Трудно ответить на этот вопрос. Я думаю, что поэзия принадлежит традиции литературы данного языка. Думаю, что вы лучше меня знаете, что такое Бродский в традиции русской литературы.
Я должен вам сказать, что некоторое время назад вышла книга стихов Бродского по-польски с моим предисловием[448]. У нас есть блестящий переводчик — профессор Баранчак. Я завидую Бродскому, потому что его изобретательность в области рифм непревзойденная. Мне очень трудно писать в рифму, а Баранчак переводит Бродского на польский, сохраняя его систему рифм.
Нет, нет. Это просто удивительно. И эта книга Бродского на польском языке очень странная, потому что она расходится с традицией польской поэзии.

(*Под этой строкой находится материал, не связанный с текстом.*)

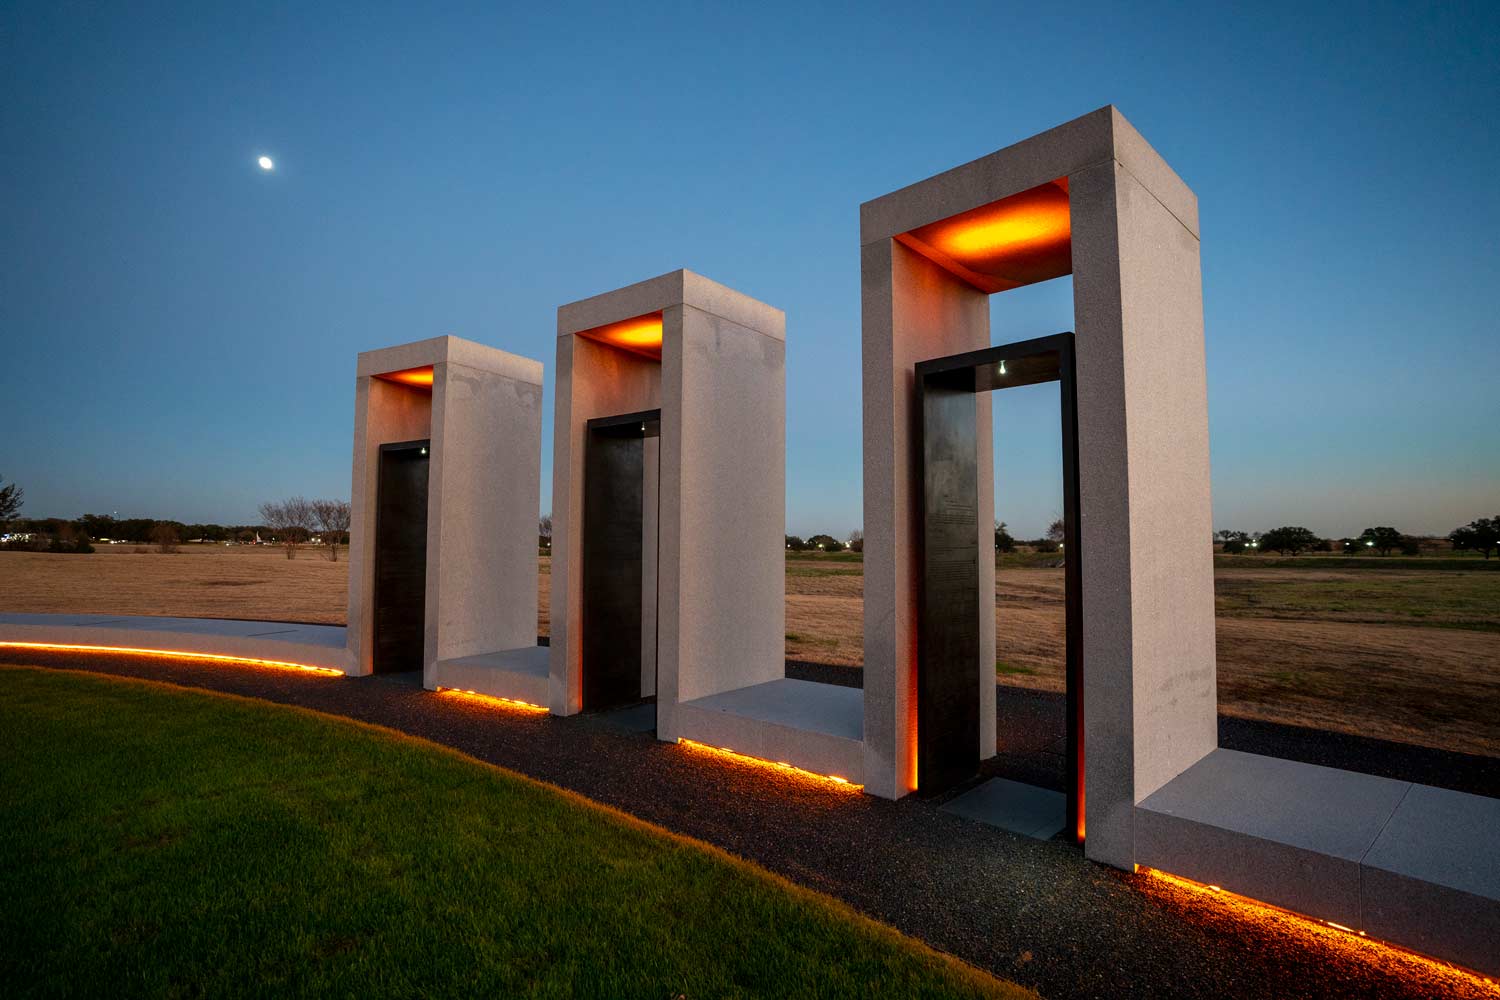 Three of the bonfire memorial pillars lit up at sunset

Нечто аналогичное произошло и с моим "Поэтическим трактатом", я говорил об этом с Горбаневской, в русском переводе он не совпадает с русской поэтической традицией.
Я думаю, что Бродский делает это успешнее многих западных поэтов. Я сам очень старался двигаться против распространенных течений в современной западной поэзии. И в этом смысле мою поэзию нельзя назвать западной, она скорее ей противостоит. И здесь мы с Бродским соратники.

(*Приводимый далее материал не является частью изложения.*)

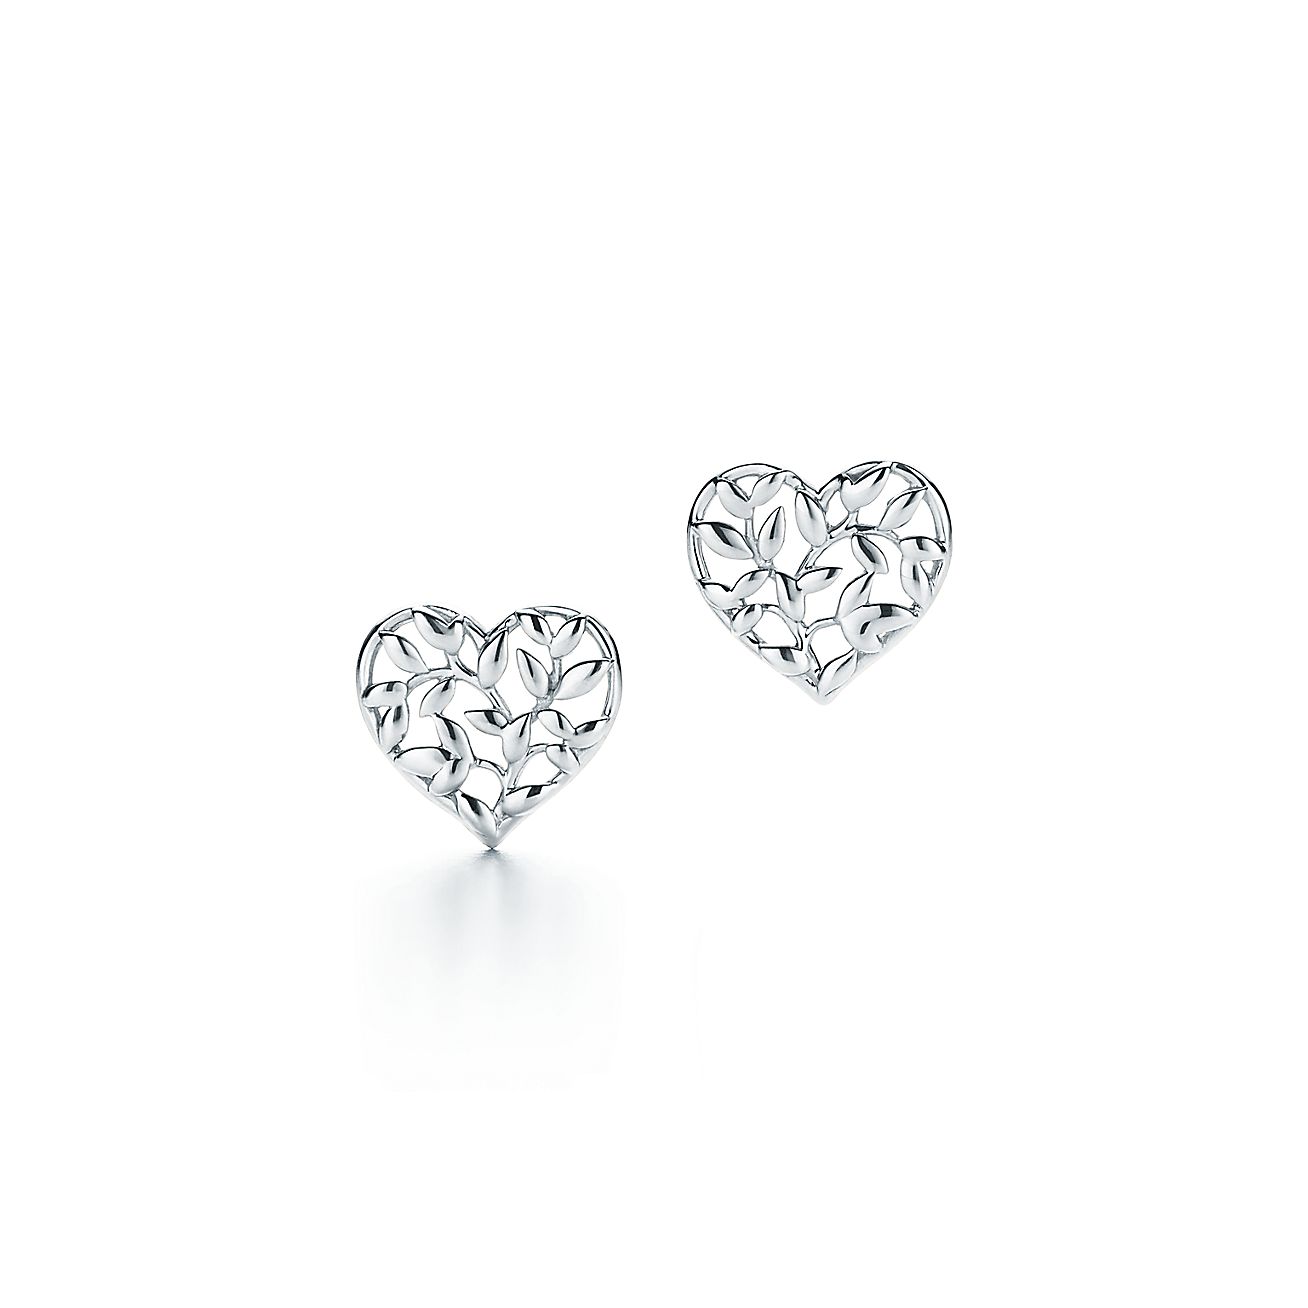 Anahata Earrings boundless heart - Lulu Designs Jewelry

Да. Западная поэзия двигается к субъективизму, чреватому серьезными последствиями. В русской традиции, конечно, есть традиция автобиографической поэзии, это старая традиция. И у Бродского много автобиографических стихов, но он стремится к объективности, возьмите все его описания городов, исторических ситуаций, например, в "Колыбельной Трескового Мыса" [4:97-110/11:355-65] весьма ощутимо его усилие объективации двух империй. И это сделано в противовес основным западным тенденциям.
Может быть, может быть. Это очень русская черта.
Нет, с этим положением я не согласен. Я не приписываю поэзии такой важной функции, какую ей приписывает Бродский.